E’ dunque a partire da questa nuova sensibilità, ormai maturata nel tempo, in grado di contaminare generazioni e luoghi, e sullo sfondo della COP 30 in Brasile che si arriva allo sciopero del 14 novembre.
L’occasione è densa di significato per due ordini di motivi.
Da una parte si vuole mandare un messaggio chiaro ai governi del mondo. La crisi climatica va affrontata di petto. I governi lo devono sapere e devono sapere anche che le intelligenze, le spinte e le lotte che si sono venute organizzando dal basso hanno tutte le carte in regola per chiedere questo cambiamento. Di più: tra una COP e l’altra sono state più queste esperienze a dimostrare quanto il cambiamento sia necessario e possibile che i governi medesimi. Accanto a ciò il momento di protesta non può che guardare favorevolmente anche alla riorganizzazione globale in atto. Il sud del mondo, ciò che non è occidente, prova a indicare un’esigenza primaria nella cura del pianeta. Lo fa certo attraverso traiettorie non sempre lineari, magari problematiche, ma ci prova. In ballo ci sono interessi enormi, mentalità coloniali mai sconfitte, l’energia fossile da sostenere contro la scienza e contro la vita. Una sfida che però è lanciata.
Da un’altra parte lo sciopero non è dimentico del contesto internazionale in cui si sviluppa, con la tragica situazione in Palestina tutt’altro che risolta e quella nel cuore d’Europa con il precipizio della terza guerra mondiale a un passo.
La guerra è barbarie, orrore, morte. La guerra è nemica dell’ambiente. La distruzione dei luoghi, la costruzione, l’uso di armi che implicano emissioni e modificazioni di lunghissimo periodo degli ambienti sono un tragico portato dei conflitti e della logica militarista.
L’Europa di Von der Leyen, con il sostegno di forze cosiddette progressiste, liberali, conservatrici, ha compiuto con il Piano di Riarmo una scelta contro l’ambiente, che dirotta i fondi destinati alla riconversione ecologica. Si tratta di una decisione molto grave che accomuna diverse opzioni politiche, comprese quelle cosiddette progressiste. L’Europa dovrebbe difendersi, difendere la propria identità contro i barbari (russi) alle porte. Persino un’alleanza tutt’altro che difensiva come la NATO andrebbe rilanciata perché, come dice Gianni Riotta, una delle tante voci del militarismo democratico, “nel XX secolo una coalizione di democrazie esorcizzò l’Apocalisse, la sfida del XXI sarà bissarne il successo, in un mondo spaurito, diviso”.

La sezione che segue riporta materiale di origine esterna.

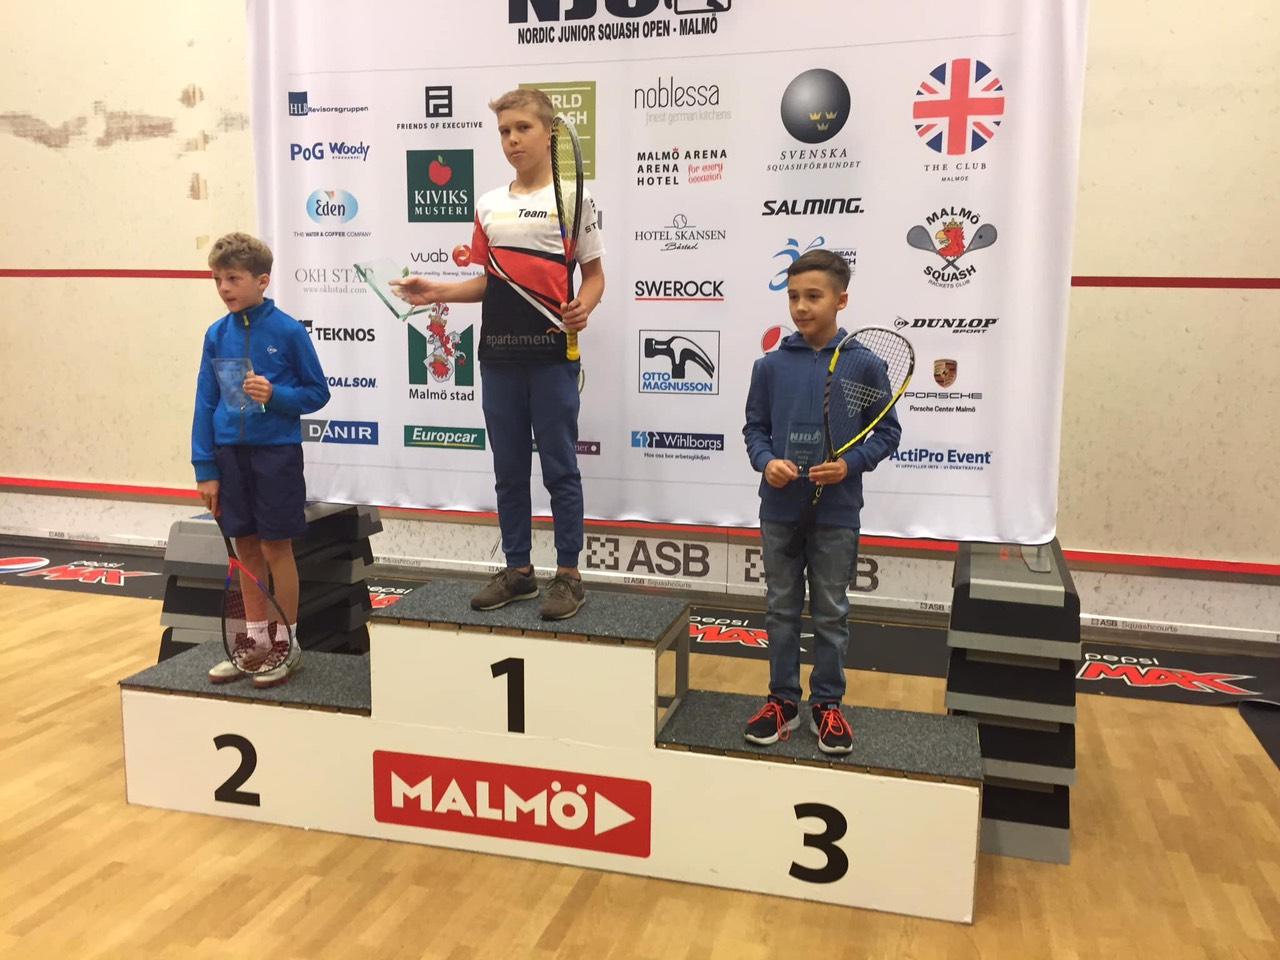 Бронза на Nordic Junior Squash Open 2019: первая медаль Заиченко на международном турнире!
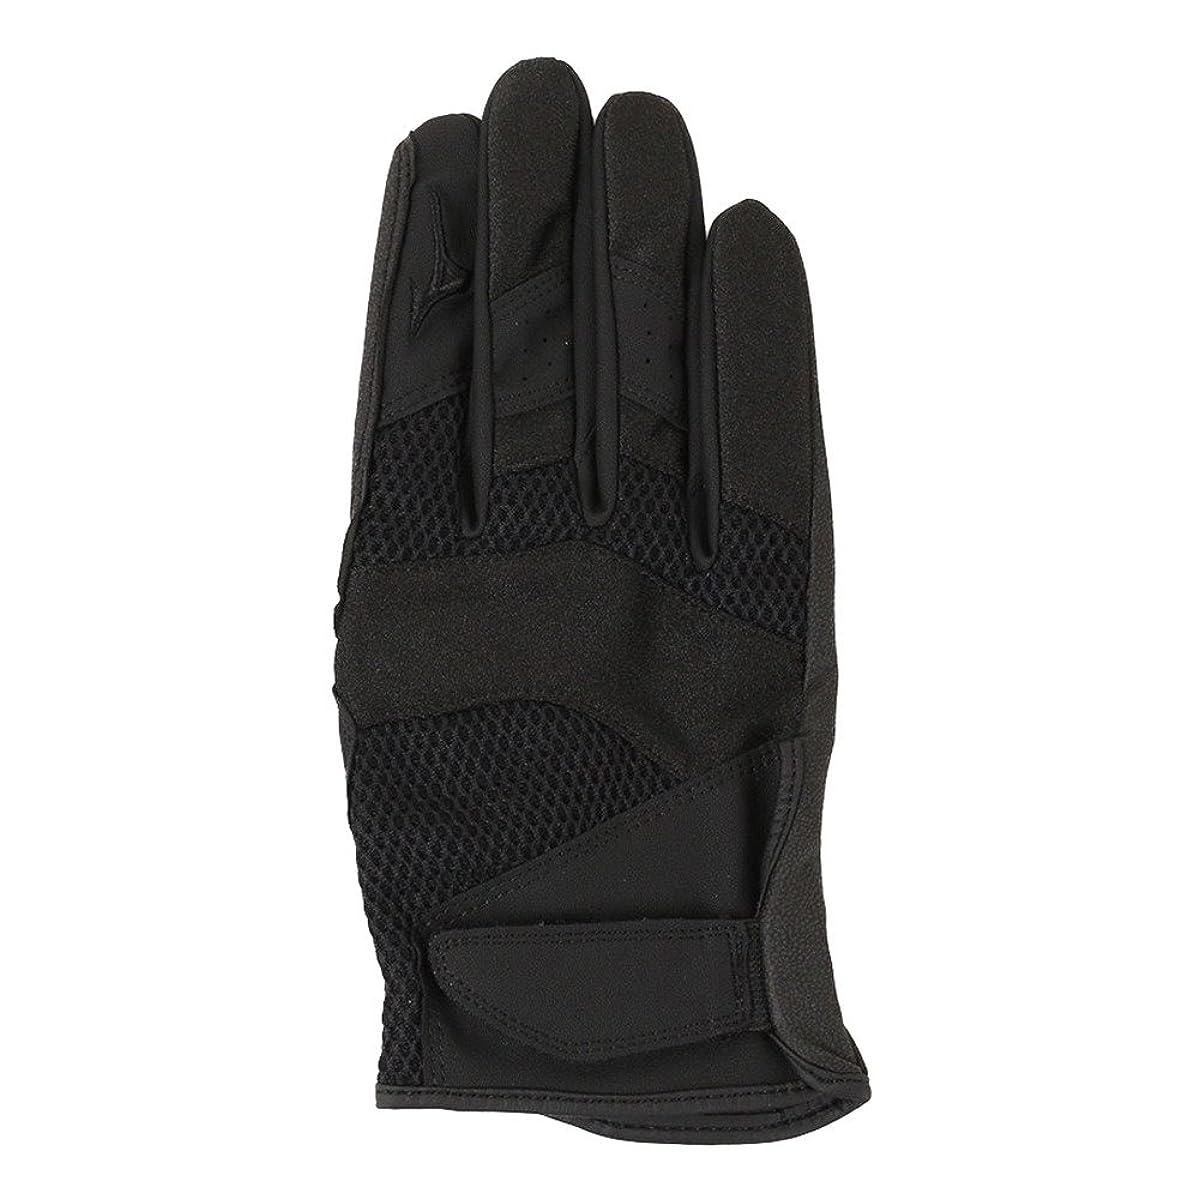 恐ろしいですガラガラ感性アシックス(asics) 高校野球対応 バッティンググローブ ダブルベルト 手袋 両手用 3121A247

Chi sciopera per il clima oggi sa bene che l’isteria guerrafondaia da qualsiasi parte arrivi non è la soluzione né sul piano della sicurezza comune, per cui serve semmai la trattativa, né sul piano di un serio approccio al cambiamento climatico. Chi sciopera oggi ha la consapevolezza che lottare per la casa comune significa anche seguire le pressanti richieste che vengono dal medio oriente: fermare l’import-export energetico con Israele, disinvestire dai suoi progetti di estrazione. Chi sciopera oggi, dunque, ci sa mostrare la connessione profonda tra i nodi che riguardano l’ambiente con altri nodi a partire dalla tendenza alla guerra di un capitalismo che torna ad essere politico, autoritario, oligarchico soprattutto nei luoghi della sua crisi più profonda.